Her advice for new council members?
"Just be patient and learn what you need to learn. Ö Understand there are a lot of things you don't know."
As for the oft-touted decline in civility, Mossar said it doesn't faze her.
"I had a pretty thick hide. You have to realize it isn't personal. It's about the job," she said.
But as her days as a council member dwindle, Mossar said she still hasn't decided what to do next.
"I vacillate between Ö never leaving the house or combing my hair, or getting a job lobbying legislators in Washington," Mossar said, half-joking.
"In fact, I just need a little break so I can settle in and focus."
Her current top interest is the rise in sea levels caused by global warming, particularly in the Bay Area.
Despite the interest in global warming, politicians and others haven't stopped pouring money into projects that may soon be under water, Mossar said.
"What people haven't really grasped is the problem exists today," she said. Constructing dikes around the entire Bay isn't feasible, but neither is letting some critical spots, such as San Francisco International Airport, go under, she added.
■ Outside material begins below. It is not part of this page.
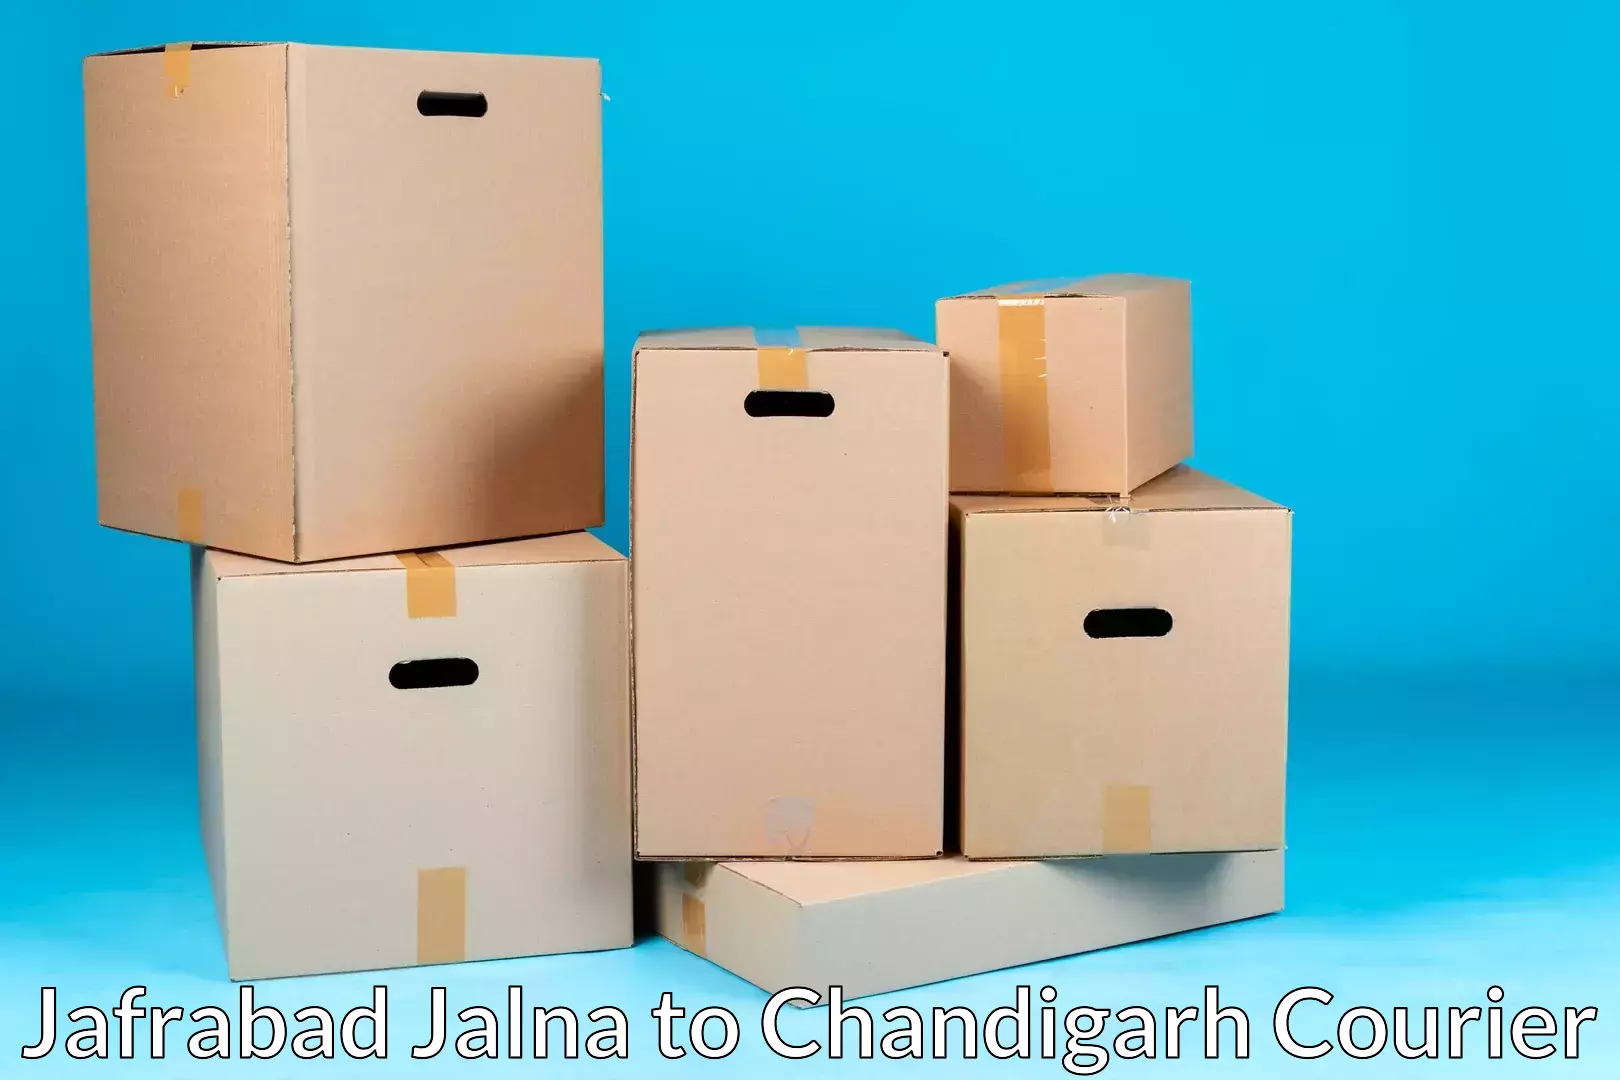 Professional moving company Jafrabad Jalna to Chandigarh

It's a multifaceted, long-range problem with no ideal solution, and it intrigues Mossar.
"I'm looking for a place to take that interest."
But then again, she may devote more time to art, a hobby she acquired rather recently after visiting museums and not understanding how the paintings had been made.
She's created pastels, made digital movies and plans to take a photography course in the fall.
"In a lot of ways I feel pretty open," Mossar said. "I have a lot of skills and a lot of interests, and I want to make sure I put them to the best use."